AIM: The aim of the study was to determine whether regional cerebral tissue oxygen saturation (rc SO2 ) and fractional tissue oxygen extraction (FTOE), using near-infrared spectroscopy, are associated with neurodevelopmental outcome of preterm infants.
METHOD: We measured rc SO2 on days 1, 2, 3, 4, 5, 8, and 15 after birth in 83 preterm infants (<32wks gestational age), and calculated FTOE=(SpO2 -rc SO2 )/SpO2 . Cognitive, motor, neurological, and behavioural outcomes were determined at 2 to 3 years using the Bayley Scales of Infant and Toddler Development, Third Edition (BSID-III), an age-specific neurological examination, and the Child Behavior Checklist (CBCL) respectively. Multiple linear regression analyses were used to determine whether rc SO2 and FTOE contributed to outcome.

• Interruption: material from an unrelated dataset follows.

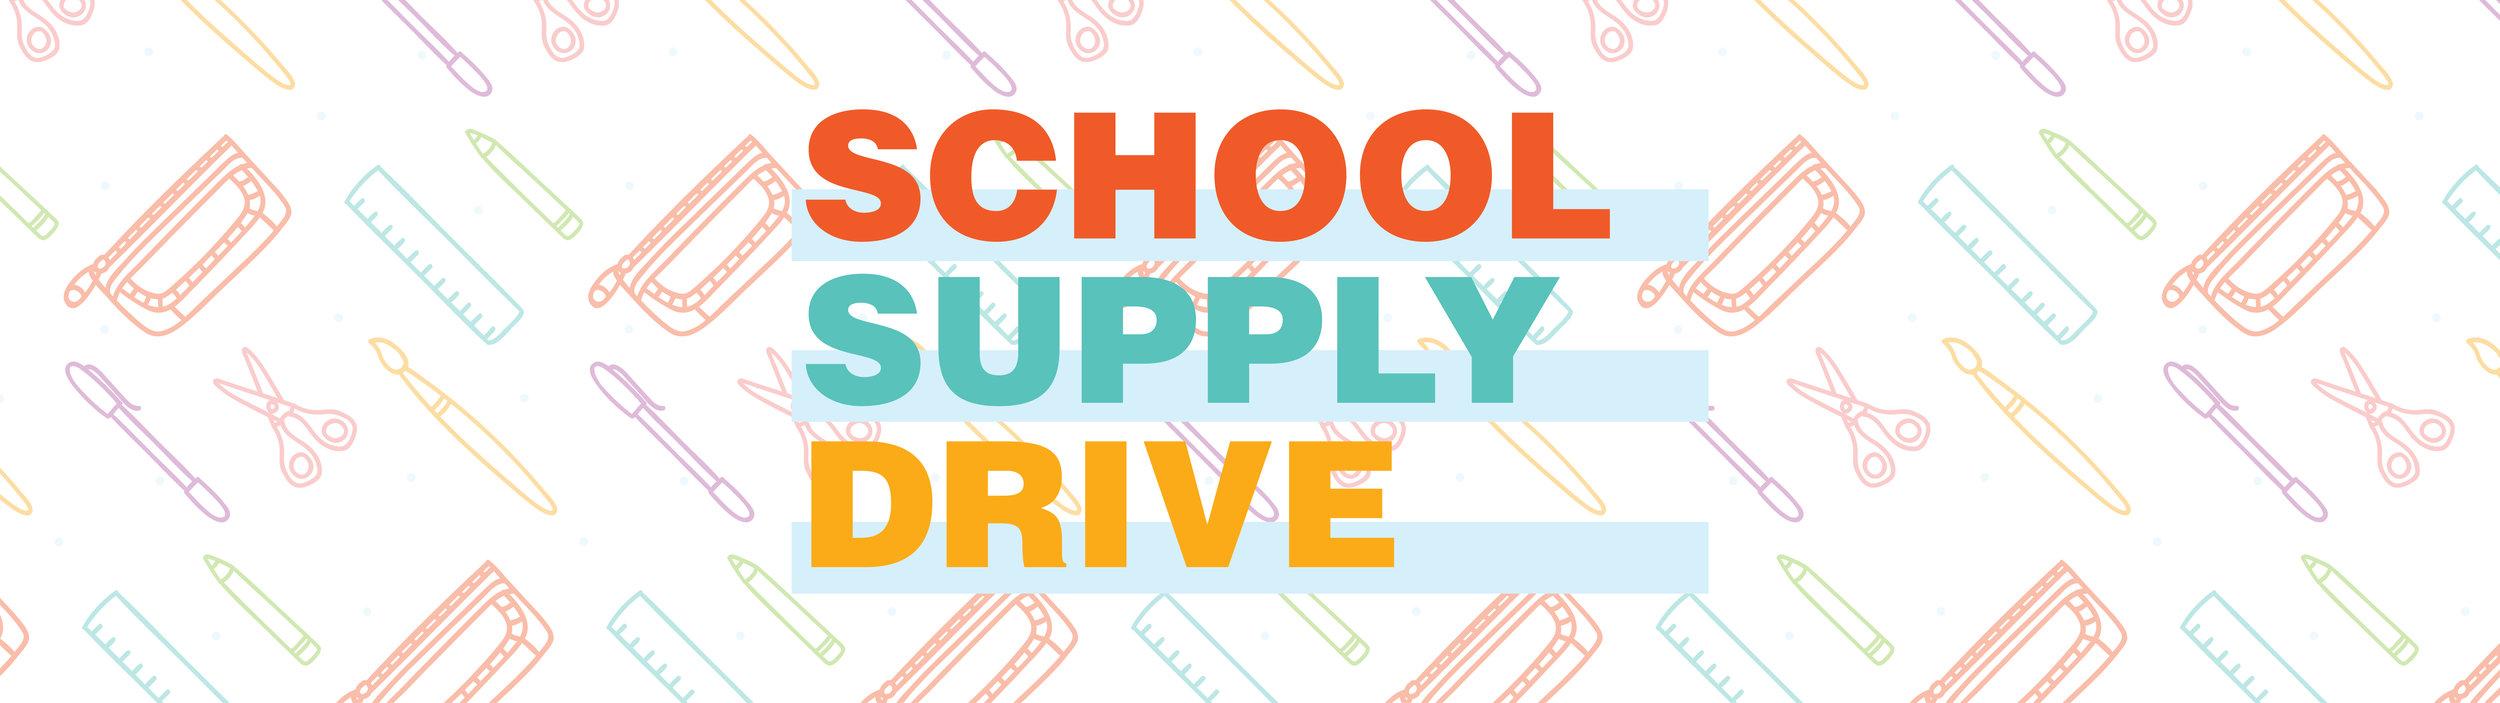 School Supply Drive-05.jpg
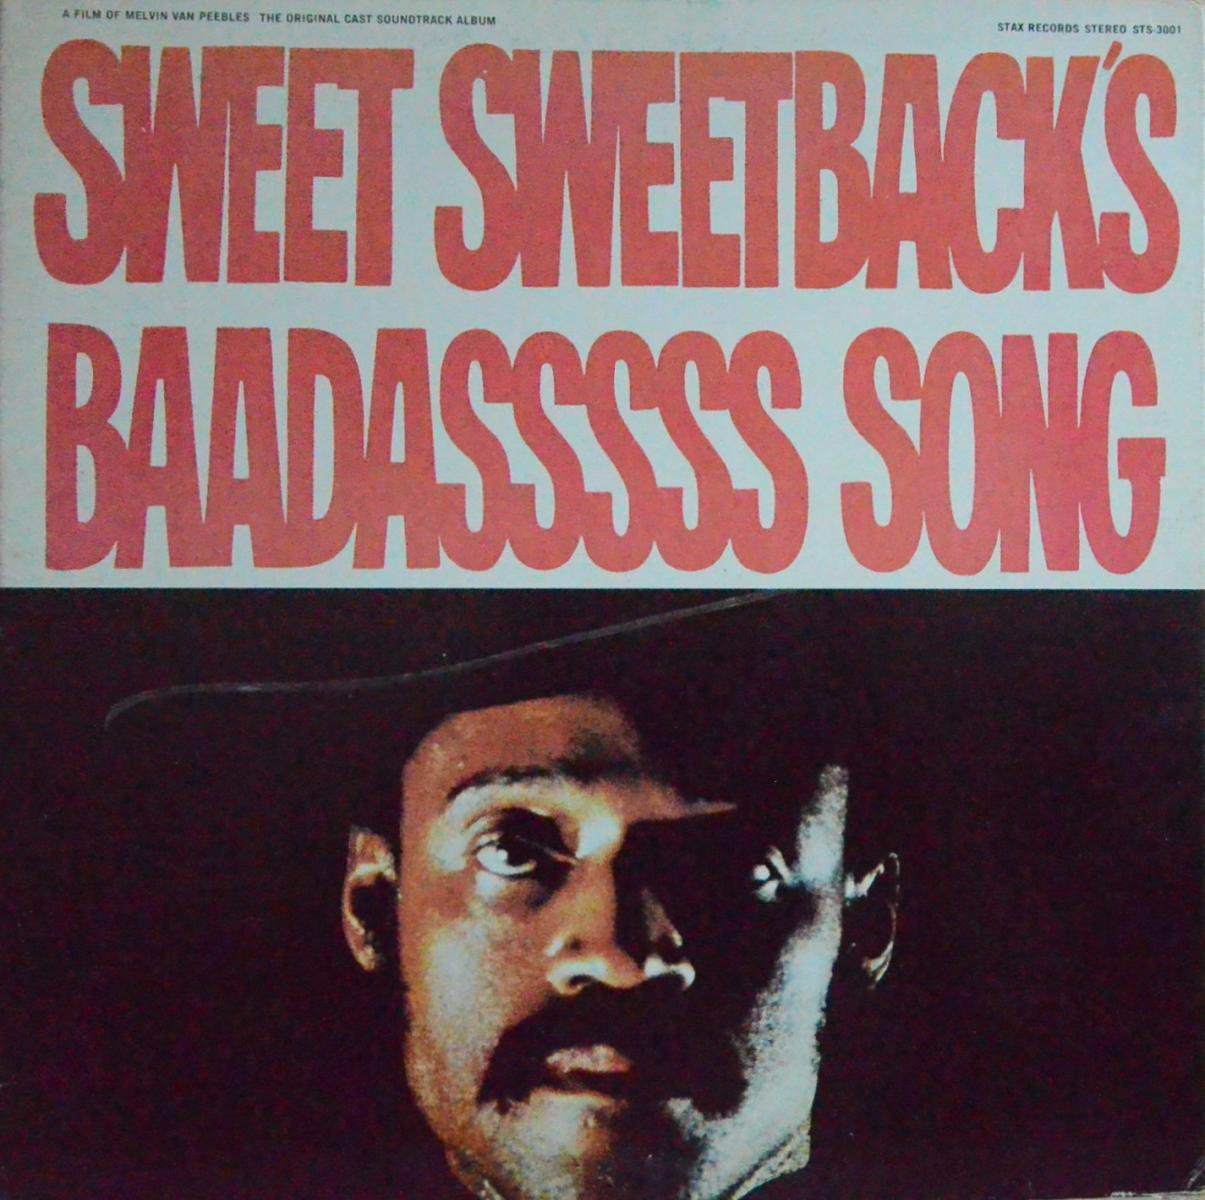 O.S.T.(MELVIN VAN PEEBLES) / SWEET SWEETBACK'S BAADASSSSS SONG (LP)

RESULTS: We followed up 67 infants. The lower quartile (P25-50 ) and highest quartile (P75-100 ) of rc SO2 on day 1 were associated with poorer cognitive outcome (p=0.044 and p=0.008 respectively). A lower area under the curve (AUC; over 15d) of rc SO2 was associated with poorer cognitive outcome (p=0.014). The lower quartile (P25-50 ) AUC of rc SO2 was associated with poorer fine motor outcome (p=0.004). The amount of time rc SO2 <50% on day 1 was negatively associated with gross motor outcome (p=0.002). The highest quartile of FTOE on day 1 was associated with poorer total motor outcome (p=0.041).
INTERPRETATION: Cerebral oxygen saturation during the first 2 weeks after birth is associated with neurodevelopmental outcome of preterm infants at 2 to 3 years. High and low rc SO2 on day 1 were associated with poorer neurodevelopmental outcome.